What is required – A verbatim copy of the listing is what is needed, minus any pictures.

Data segment –
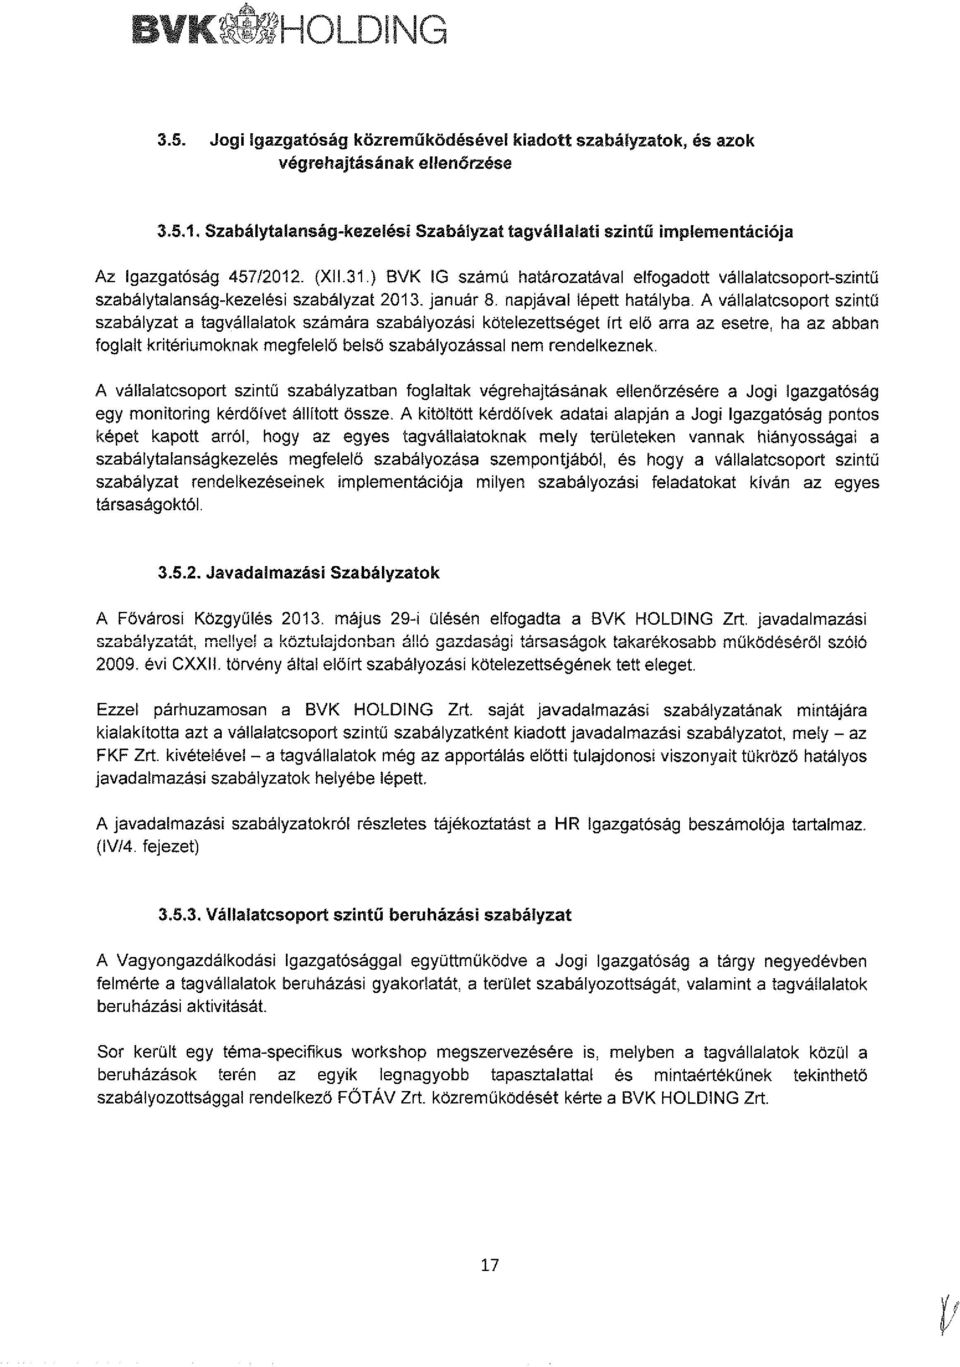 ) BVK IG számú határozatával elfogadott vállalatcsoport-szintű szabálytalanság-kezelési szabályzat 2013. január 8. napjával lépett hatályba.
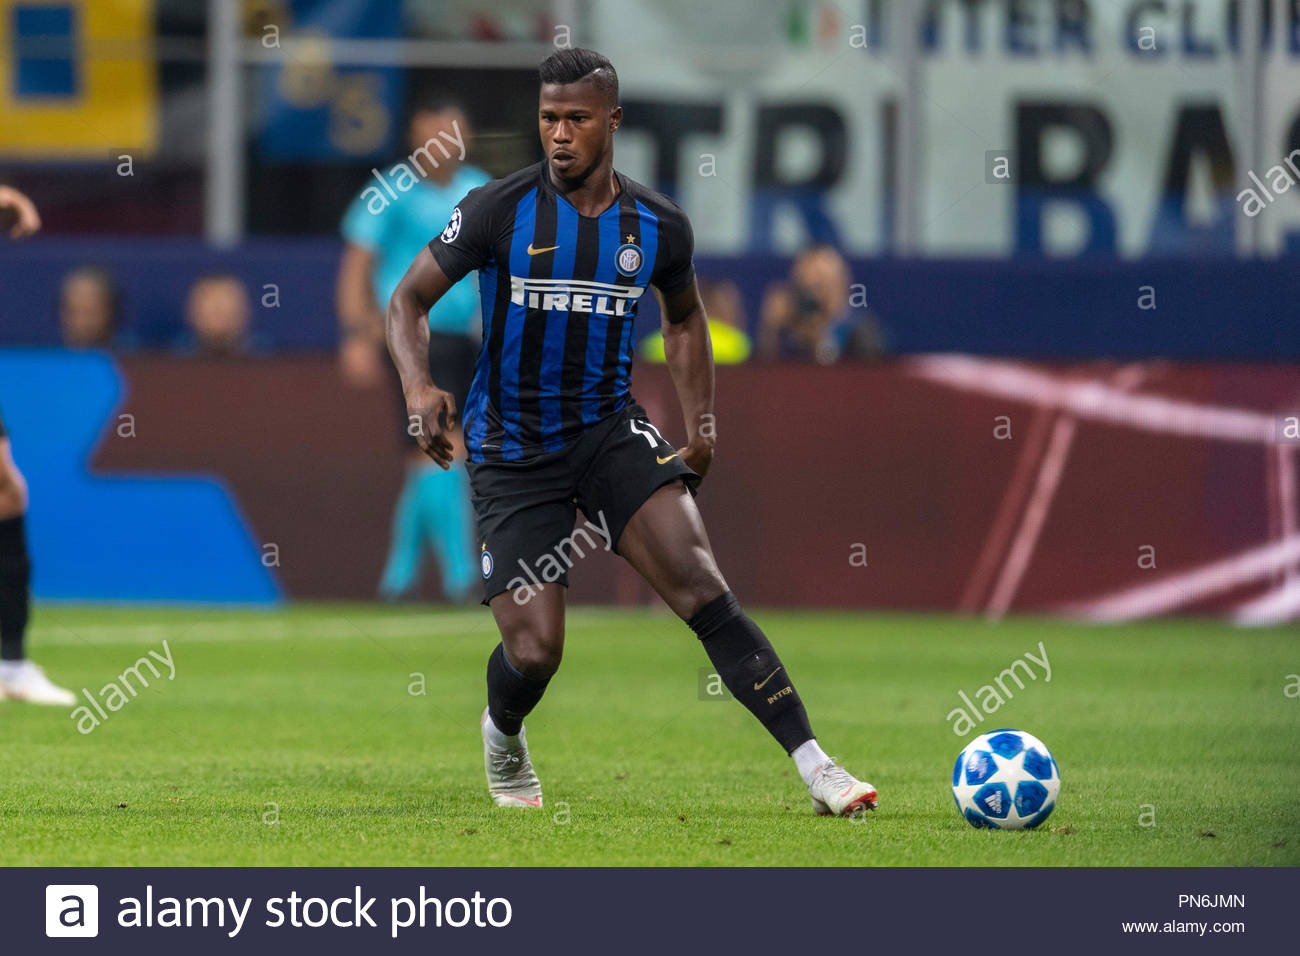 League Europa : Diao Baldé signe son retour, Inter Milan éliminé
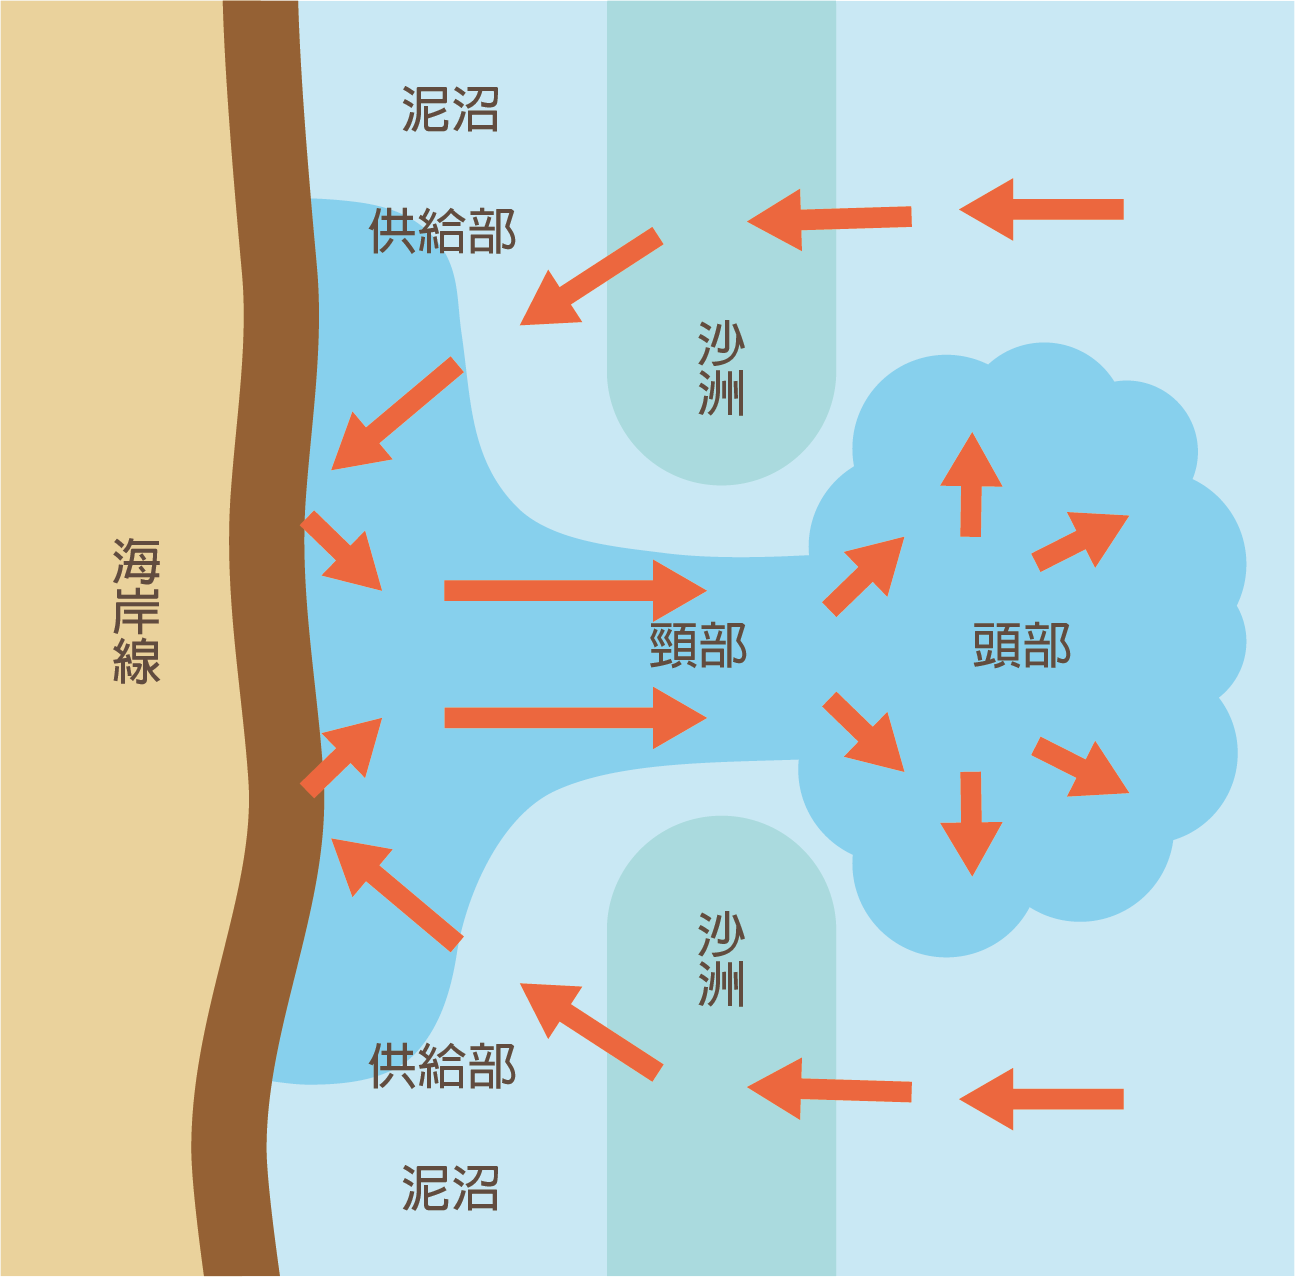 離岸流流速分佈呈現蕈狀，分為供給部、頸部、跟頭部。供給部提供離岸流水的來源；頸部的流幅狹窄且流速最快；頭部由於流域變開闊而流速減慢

Solution to this problem –
 ) BVK IG számú határozatával elfogadott vállalatcsoport-szintű szabálytalanság-kezelési szabályzat 2013. január 8. napjával lépett hatályba.
 League Europa : Diao Baldé signe son retour, Inter Milan éliminé
 離岸流流速分佈呈現蕈狀，分為供給部、頸部、跟頭部。供給部提供離岸流水的來源；頸部的流幅狹窄且流速最快；頭部由於流域變開闊而流速減慢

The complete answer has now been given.